Так происходит и на этот раз: Алексей Алексеевич дарит шоколадки, духи и помаду и покидает министерство, уверенный, что всех покорил и очаровал. В училище он выбивает зал для концерта, договаривается об афише и пригласительных билетах. Ему ни в чем не отказывают, он — неотразим. Окрыленный успехами, Алексей Алексеевич спешит в консерваторию. Здесь ему не надо ничего выбивать и не о чем договариваться: просто хочется увидеть родные стены и ощутить знакомый запах. И вот перед ним заснеженный консерваторский дворик, серебрящийся игольчатой изморозью и накрытый облаком морозного дыма, призрачные заиндевевшие деревья, окружившие памятник Чайковскому, высокие окна музыкальных классов и разноцветные автомобили у служебного входа в Большой зал…
Когда-то Алексей Алексеевич здесь учился, а жил совсем неподалеку отсюда — в Борисоглебском переулке, где его опекала старушка мама, каждое утро ставившая на стол кофейник с выгнутым носиком, тонко нарезанный хлеб в соломенной хлебнице и вареные яйца на блюдечке. Алексей Алексеевич садился к столу, разбивал серебряной ложечкой скорлупу и аккуратно чистил яйцо. Старушка мама с обожанием смотрела на сына и, казалось, считала скорлупки, которые он заботливо складывал на краешек блюдца. В форточке лежал их любимый сибирский кот (не было ли в этом предзнаменования: сибирский — Сибирь — городок под Новосибирском?), между стекол — на холоде — висела авоська со свертками, а за окном виднелись крыши дровяных сараев, помойные баки и бельевые веревки (веревки — Веревкин: та же линия судьбы?).
Благополучно позавтракав, Алексей Алексеевич брал итальянскую скрипку, доставшуюся ему в наследство от дедушки-концертмейстера, запирался в дальней комнате их огромной квартиры и начинал заниматься. Все в доме знали, что ему нужно многое сделать, и он сам это хорошо знал, — поэтому тщательно натирал канифолью смычок, ставил на высокий пюпитр ноты и замечал время, обещая себе прозаниматься ровно пять часов. Ровно пять и ни минутой меньше. Тогда он — сделает. В нем есть эта решимость сделать, и он — сделает. Возьмет в руки смычок, поднимет к подбородку скрипку и сделает то, что от него ждут. Ждут соседи по дому, педагоги консерватории, старушка мама, умерший дедушка-концертмейстер, портрет которого висит на стене, и отец, живущий на другой улице, в другом доме, с другой семьей. Сделает во что бы то ни стало. Сделает, сделает, сделает.

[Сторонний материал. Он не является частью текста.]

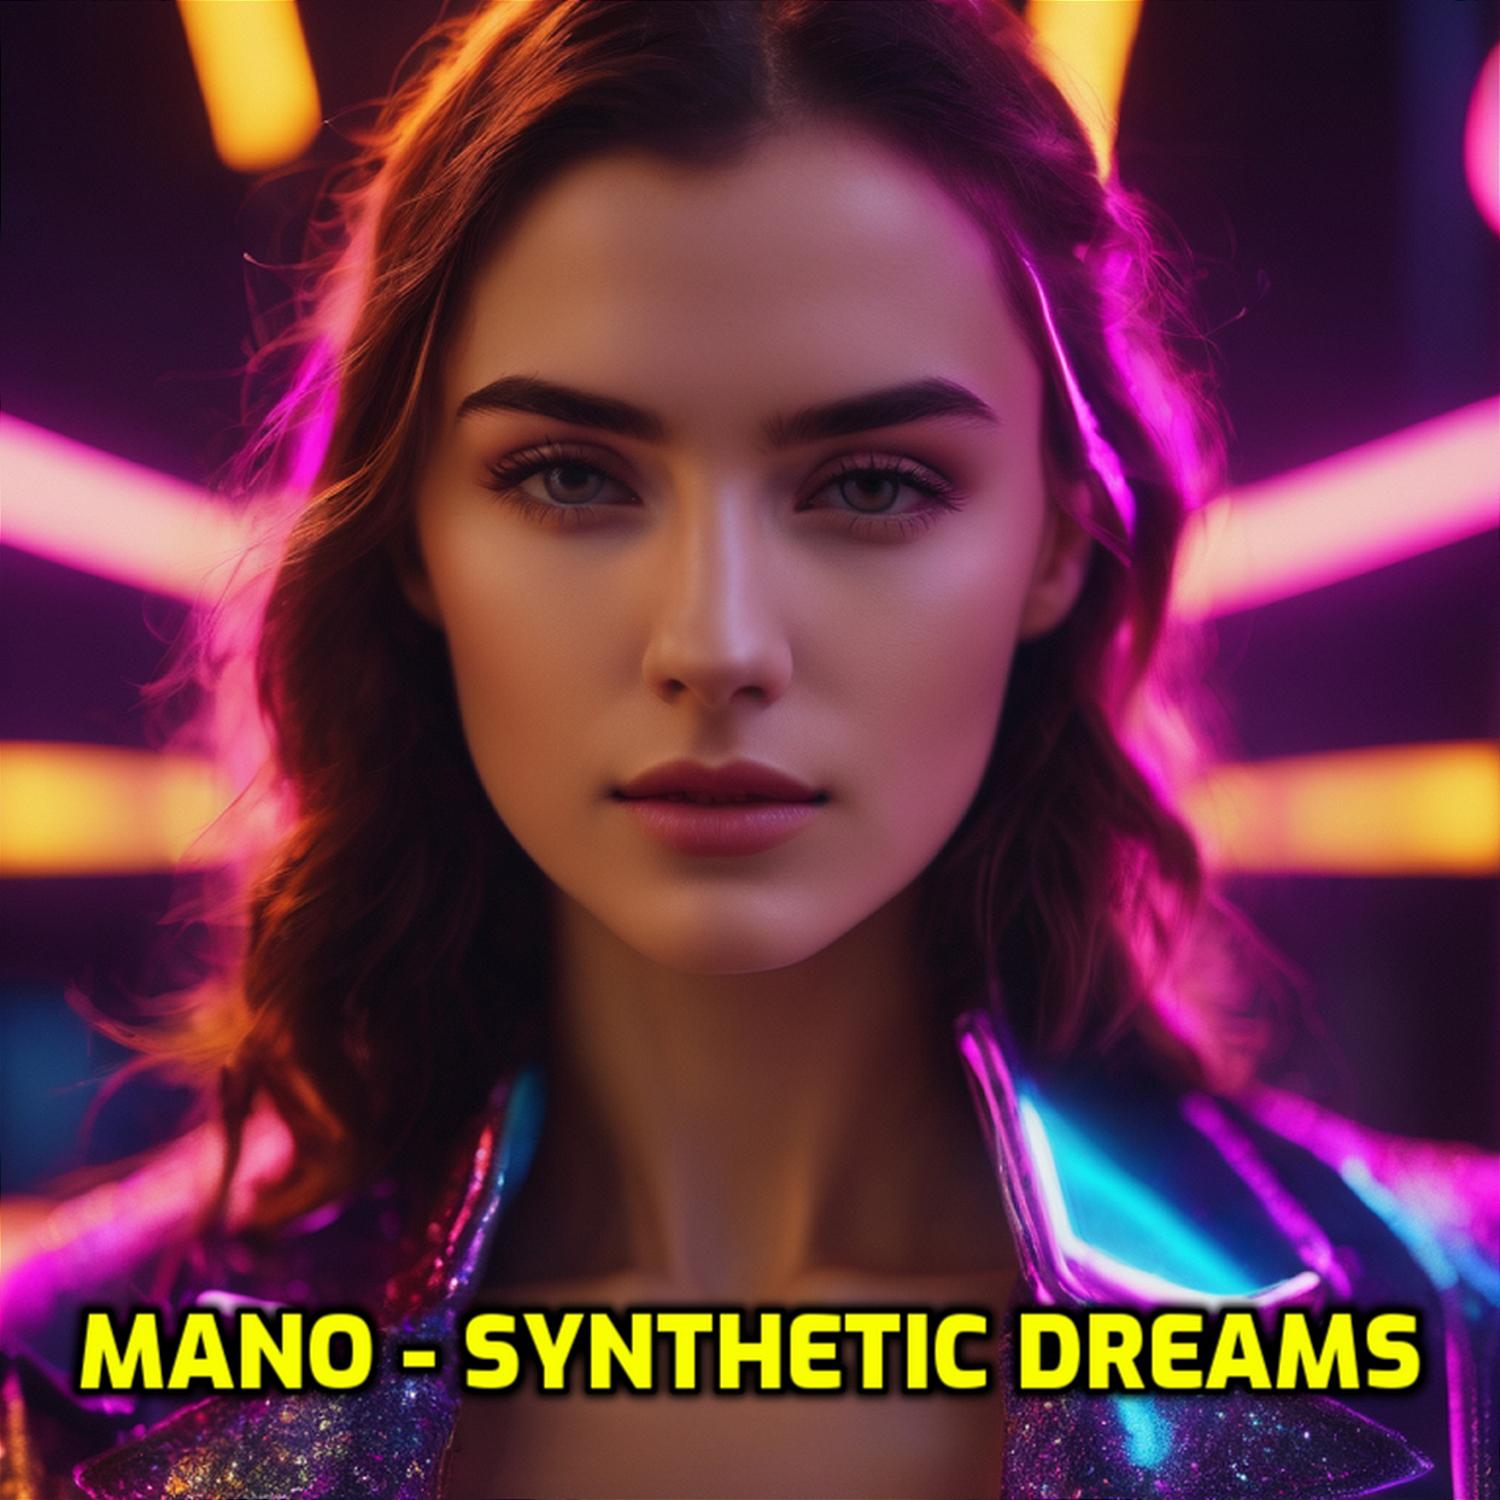 Mano - Synthetic dreams

Так говорил он себе всякий раз, запираясь в комнате, но овальная головка ключа, торчащего из двери, вызывала в нем тоску, и комната казалась невыносимо одинокой, потому что в ней не было музыки. Была итальянская скрипка, был высокий пюпитр, были раскрытые ноты, но музыки не было, и, тщетно стараясь заставить ее появиться, Алексей Алексеевич начинал понимать, что ничего не сделает. Это чувство несделанного, поначалу такое легкое и беззаботное (еще успею!), тяготило его все сильнее и вскоре превратилось в настоящую болезнь, настолько неотделимую от него, что он шутливо именовал ее болезнью Васькова. «Алексей Алексеевич Васьков был человеком, который не сделал», — с удовольствием повторял он фразу, словно бы начинавшую некий воображаемый рассказ о его жизни, но и рассказа-то сочинить не умел, потому что все несделанное прежде мучило, как невозвращенные долги.